Example of an 'average distribution' from three participants in round 1 (blue) and the 70% confidence interval extracted from that to be displayed to participants in round 2 (green). In this example, the variable elicited is the percentage loss of infectious virus during transmission from a susceptible person’s hand to their mucous membranes (given no mitigations in place).

Figure 5

Participants’ estimates of the percentage increase that each of a range of different activities would cause in exhalation of infectious virus by an infected person: (A) speaking, (B) speaking loudly, (C) coughing, (D) singing, (E) exercising, (F) eating and (G) infected with a variant of concern. In each case, the top graph shows individual estimates, the middle graph the average of those estimates, and the bottom graph a cumulative probability distribution, with (in green) the median and interquartile range. Values in parentheses to the right show each participant’s estimate of the percentage likelihood of the true value lying below, within and above the range identified in round 1, shown by the orange lines. Values in parentheses in the bottom graph show 25th, 50th and 75th percentile estimates from the combined responses. The vertical dashed line shows the 100% reference case (that is, no different from silent breathing).

Figure 6

Participants’ estimates of the percentage of infectious virus carried in large (>100 μm) airborne particles that would NOT reach a susceptible person’s mucous membranes if the infected and susceptible person were (A) within 2 m of each other and (B) further than 2 m apart from each other in an unventilated room. In each case, the top graph shows individual estimates, the middle graph the average of those estimates, and the bottom graph a cumulative probability distribution, with (in green) the median and interquartile range. Values in parentheses to the right show percentage below, within, and above the range. Values in parentheses on the left of the bottom graph show 25th, 50th and 75th percentile estimates from the combined responses.

Figure 7

Participants’ individual estimates (top graphs) and pooled estimates (middle and bottom graphs) of the percentage reduction in infections virus transferred from a person’s contaminated hands to their mucous membranes A) under normal conditions, (B) if the person was wearing a face shield, (C) if the person was wearing gloves, (D) & (E) if the person was wearing a face covering (participants divided into two distinct camps on this question), (F) intervals elicited for the first time in round 2 from individuals (top graph, blue) and pooled (bottom graph, green) if the person were practising good hand hygiene.
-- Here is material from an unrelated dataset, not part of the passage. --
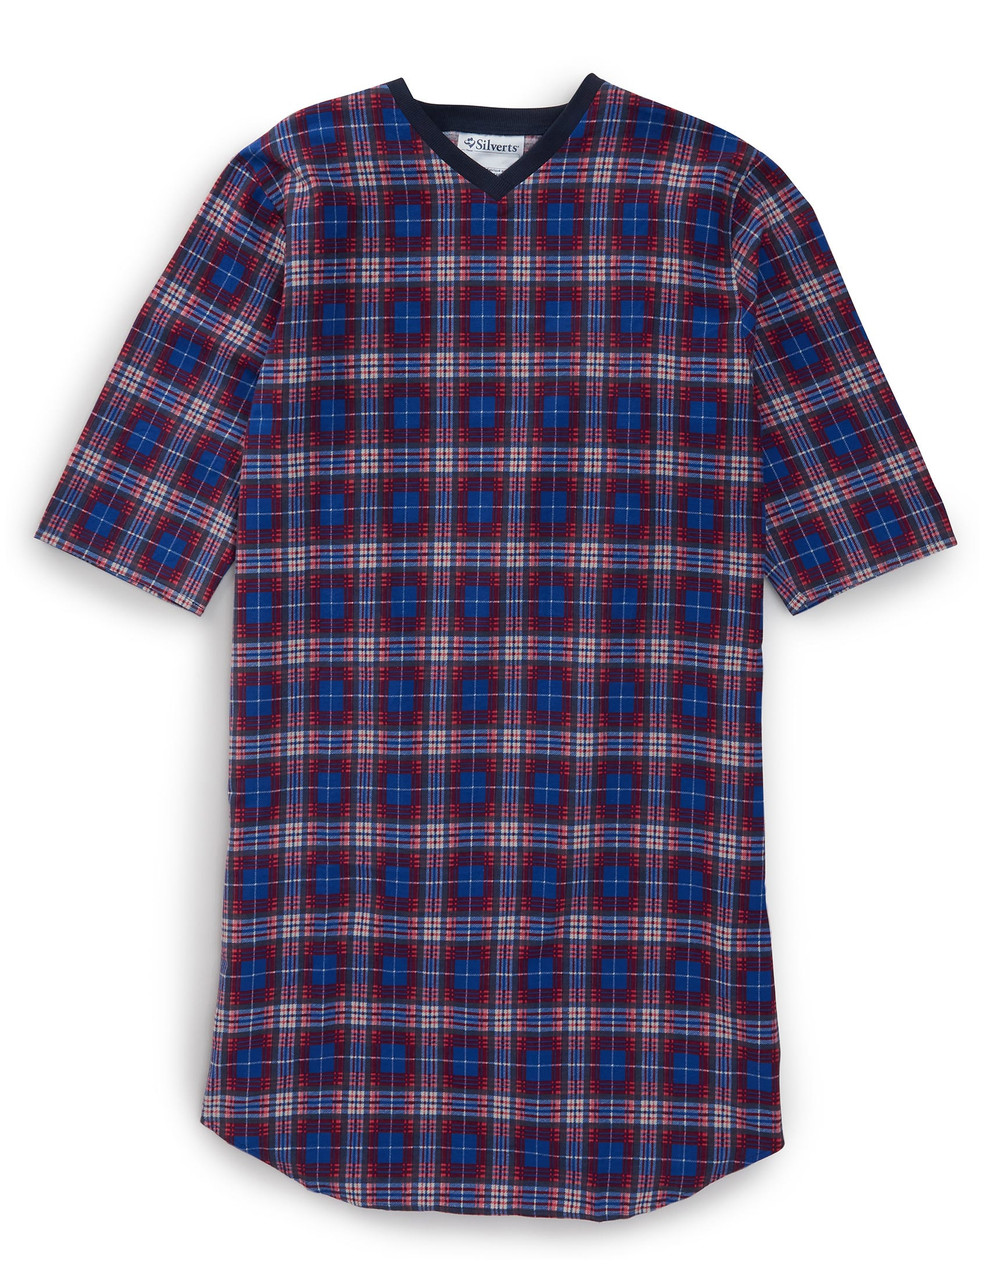 Silverts SV50120 Men's Flannel Hospital Gowns Red Plaid, Size=4XL, SV50120-SV610-4XL
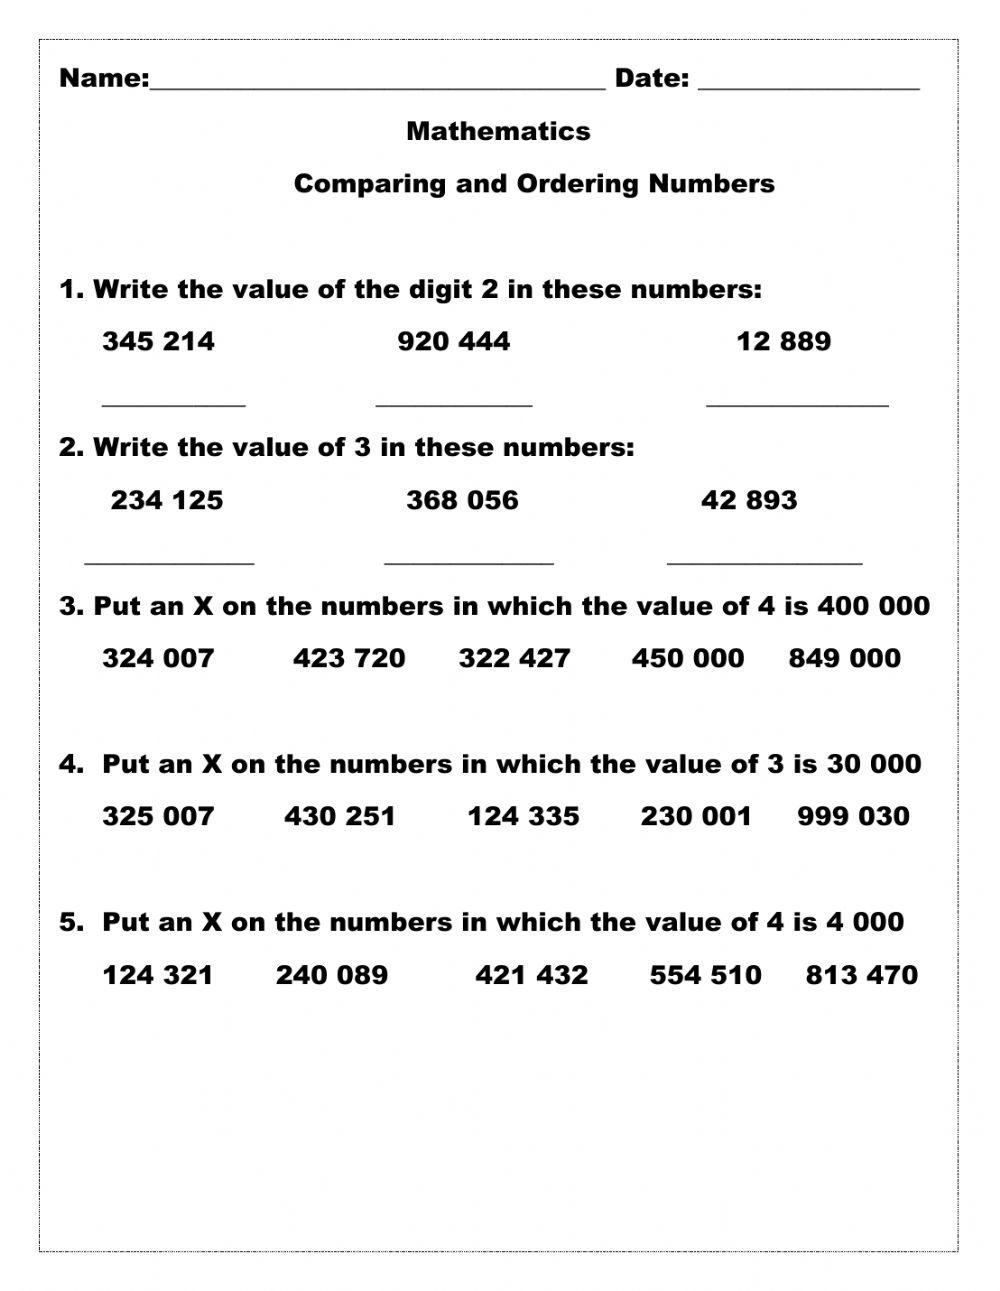 Comparing and Ordering Whole Numbers Worksheet

For graphs (A) to (E) the top graph shows individual estimates, the middle graph the average of those estimates, and the bottom graph a cumulative probability distribution, with (in green) the median and inter-quartile range. Values in parentheses to the right show percentage below, within and above the range. Values in parentheses in the bottom graph show 25th, 50th and 75th percentile estimates from the combined responses. The vertical dashed line shows the 100% reference case. For graph (F) the figures on right hand axis show individual responses in the upper graph and the 25th, 50th and 75th percentile values in the lower graph.